Bordeaux a bien avancé sur le sujet
A Bordeaux, de nombreuses choses ont déjà été mises en place comme l’a indiqué Fannie Le Boulanger : « La politique petite enfance des communes, ce n’est pas que les crèches et même ce n’est pas que les modes d’accueil, c’est tous les enfants de 0 à 4 ans et leurs familles. En ce qui concerne les Rpe, nous sommes déjà bien couverts (…) Nous avions donné un gros coup d’accélération au niveau des Rpe, en doublant le nombre d’animatrices pour offrir un maillage très fin aux familles (…). Nous avons un guichet unique qui concerne l’ensemble des places que la ville cofinance (les places municipales en gestion directe, les places municipales en gestion déléguée, les places associatives, les réservations de berceaux de marchés publics) avec des critères d’attribution commun. »
Amfreville œuvre depuis longtemps pour les familles
Amfreville compte 1400 habitants. De fait, cette commune, qui n’a pas transféré toute sa compétence petite enfance à l’Interco, fait partie des autorités organisatrices auxquelles la loi confère le moins d’obligations. Intégrer un service public de la petite enfance, « ce n’est pas un grand bouleversement car c’est un choix politique que nous avons depuis plusieurs années. Nous avons mis en place des politiques publiques en faveur des familles. (…) le service public de la petite enfance, c’est une globalité », a indiqué son maire Xavier Madelaine. Et a poursuivi : « (…). Le service public de la petite enfance, c’est aussi une volonté politique et donc ça avance ou ça n’avance pas. Au niveau de l’intercommunalité à laquelle j’appartiens, nous avions une majorité d’élus qui étaient très poussifs pour mettre en place les services aux familles. Et donc nous avons demandé, pour les collectivités qui souhaitaient impulser une dynamique, de reprendre certaines compétences. C’est la raison pour laquelle la compétence a été un peu partagée. L’accueil individuel à l’interco et l’accueil collectif aux communes. Nous venons de délibérer pour pouvoir être signataire de la convention territoriale globale et nous nous sommes inscrits pour l’accueil d’une structure d’accueil collectif sur la commune (mode de gestion psu). »
Saint-Denis et Pierreffite-sur-Seine : un seul SPPE
En janvier 2025, Saint-Denis et Pierreffite-sur-Seine seront une seule et même commune. Les deux villes doivent donc travailler ensemble sur la mise en place du SPPE. Alice Rongier, adjointe au maire petite enfance de Saint-Denis, a expliqué qu’ils avaient procédé en 4 temps : « Pour travailler à cette transformation, la première étape a été de faire un diagnostic complet entre les deux villes.
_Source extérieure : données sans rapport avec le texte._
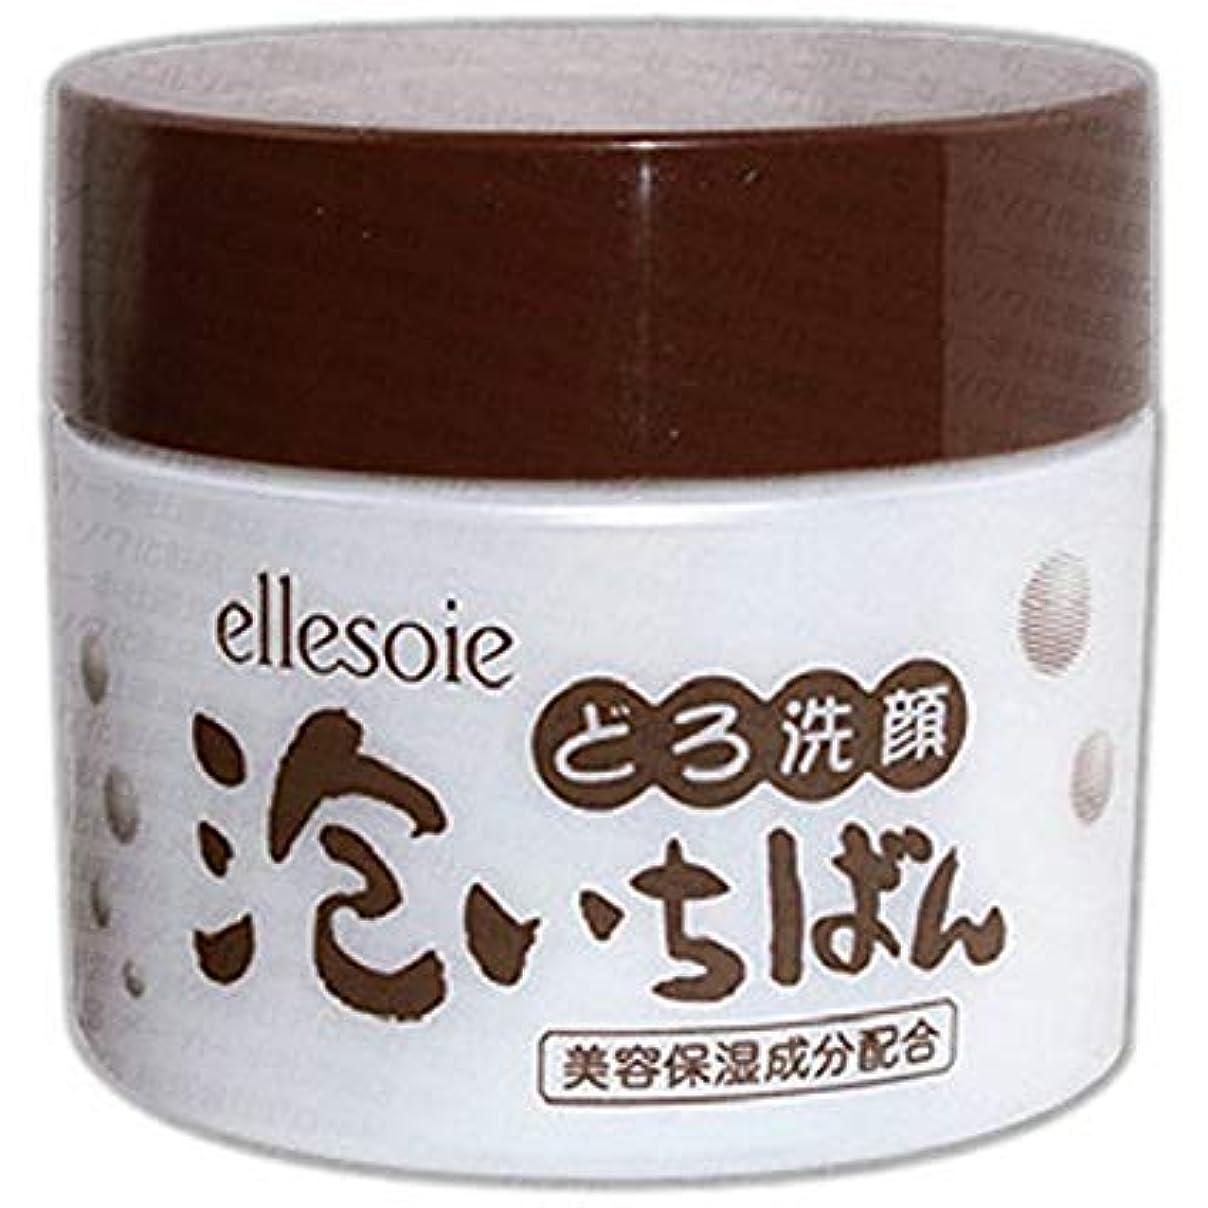 険しい高く外観エルソワ化粧品(ellesoie) どろ洗顔 泡いちばん 120g入り (ジャー容器入り120g)

Un exercice très intéressant car cela nous a permis de définir les atouts, les forces, d’avoir une cartographie de tous les lieux d’accueil de jeunes enfants dans les deux villes, de connaître les projets, les organisations, les services et de découvrir les actions menées par le tissu associatif autour de la petite enfance. » Et de fait, si les deux villes ont des points communs, elles ont aussi des différences. « L’avantage de ces deux villes c’est qu’elles portent la même politique de la petite enfance car la petite enfance est inscrite dans les deux villes dans le projet éducatif global. On a remarqué aussi qu’il y avait des différences significatives en matière de gestion dans les deux services (ex : à Pierrefitte, les Laep sont gérés par le service municipal de la ville alors qu’à Saint-Denis, ils sont plutôt gérés par chaque centre social qui sont dans les différents quartiers de la ville. Cette différence nous a permis de réfléchir sur comment, dès janvier 2025, on pourrait mieux développer ces lieux d’accueil enfant-parent, qui va les gérer afin que ces lieux ne soient pas identifiés comme un lieu d’accueil dans un quartier mais plutôt accessible à tous les habitants de la ville », a partagé Alice Rongier.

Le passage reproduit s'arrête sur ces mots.